> **Working data**
--------------------------------
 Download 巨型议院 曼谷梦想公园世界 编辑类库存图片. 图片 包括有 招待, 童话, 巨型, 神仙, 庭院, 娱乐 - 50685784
--------------------------------
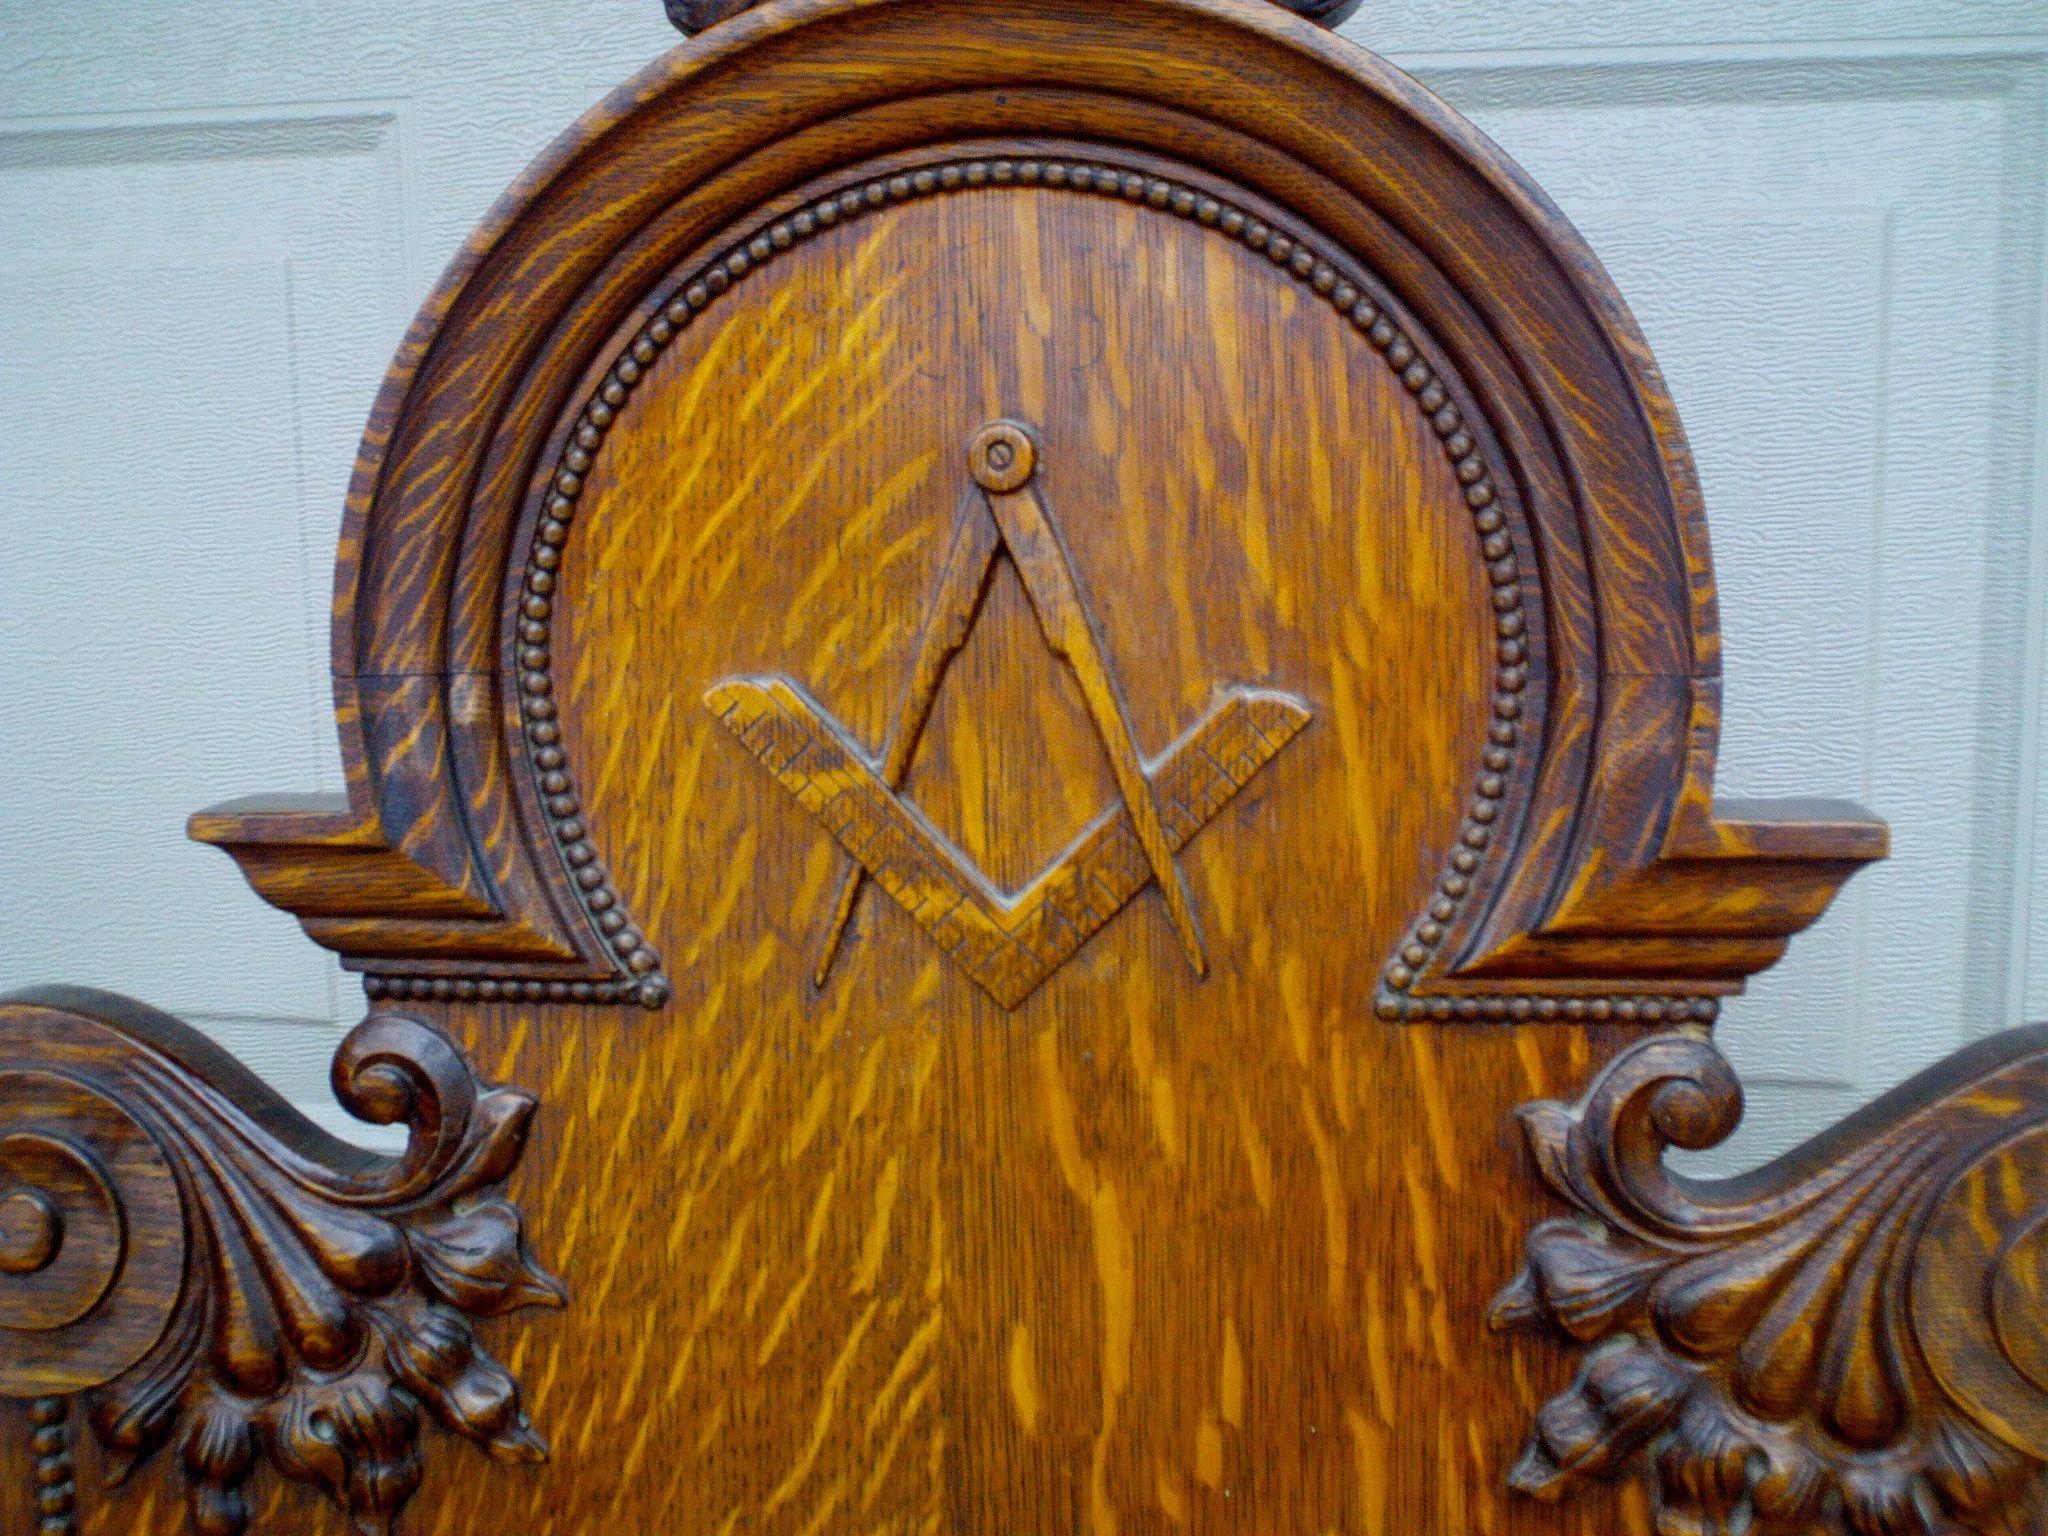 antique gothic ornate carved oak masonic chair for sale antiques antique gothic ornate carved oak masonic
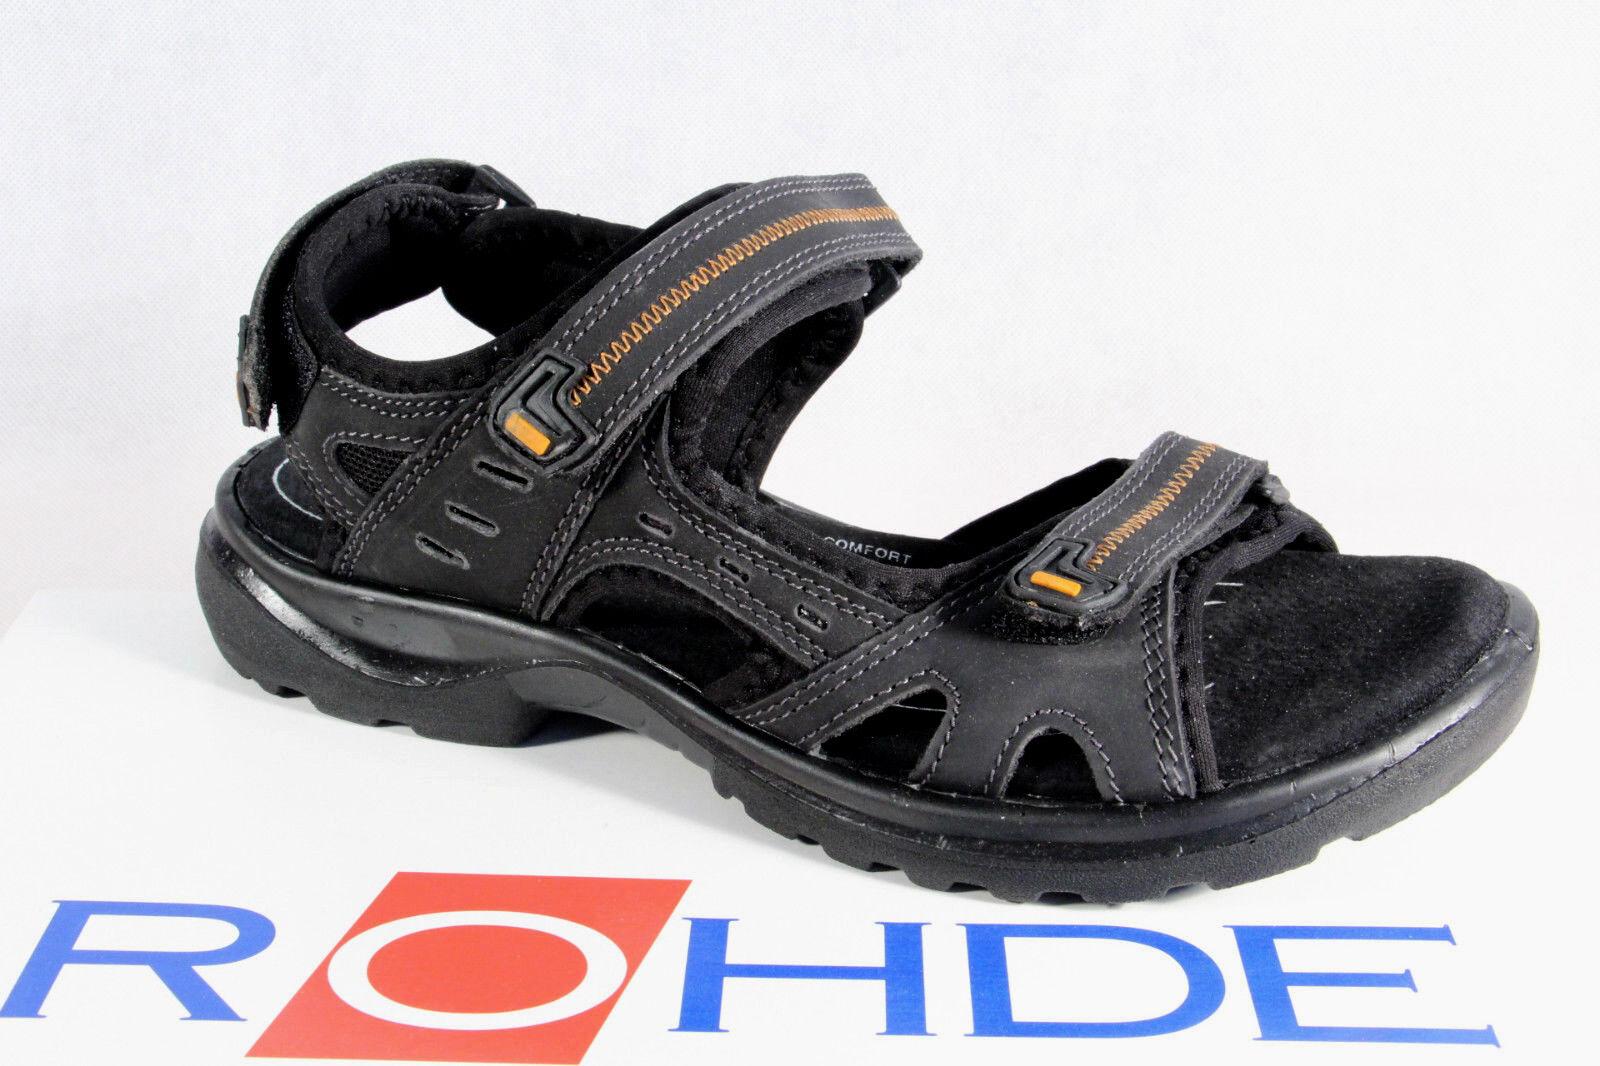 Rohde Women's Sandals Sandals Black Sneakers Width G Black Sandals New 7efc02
--------------------------------
> **What is expected**
Reproduce exactly the lines of the data above that run from the line with "antique gothic ornate carved oak masonic chair" down to the line with "Rohde Women's Sandals", both ends included. Pictures do not belong in the copy.

> **Reply to the task**
 antique gothic ornate carved oak masonic chair for sale antiques antique gothic ornate carved oak masonic
 Rohde Women's Sandals Sandals Black Sneakers Width G Black Sandals New 7efc02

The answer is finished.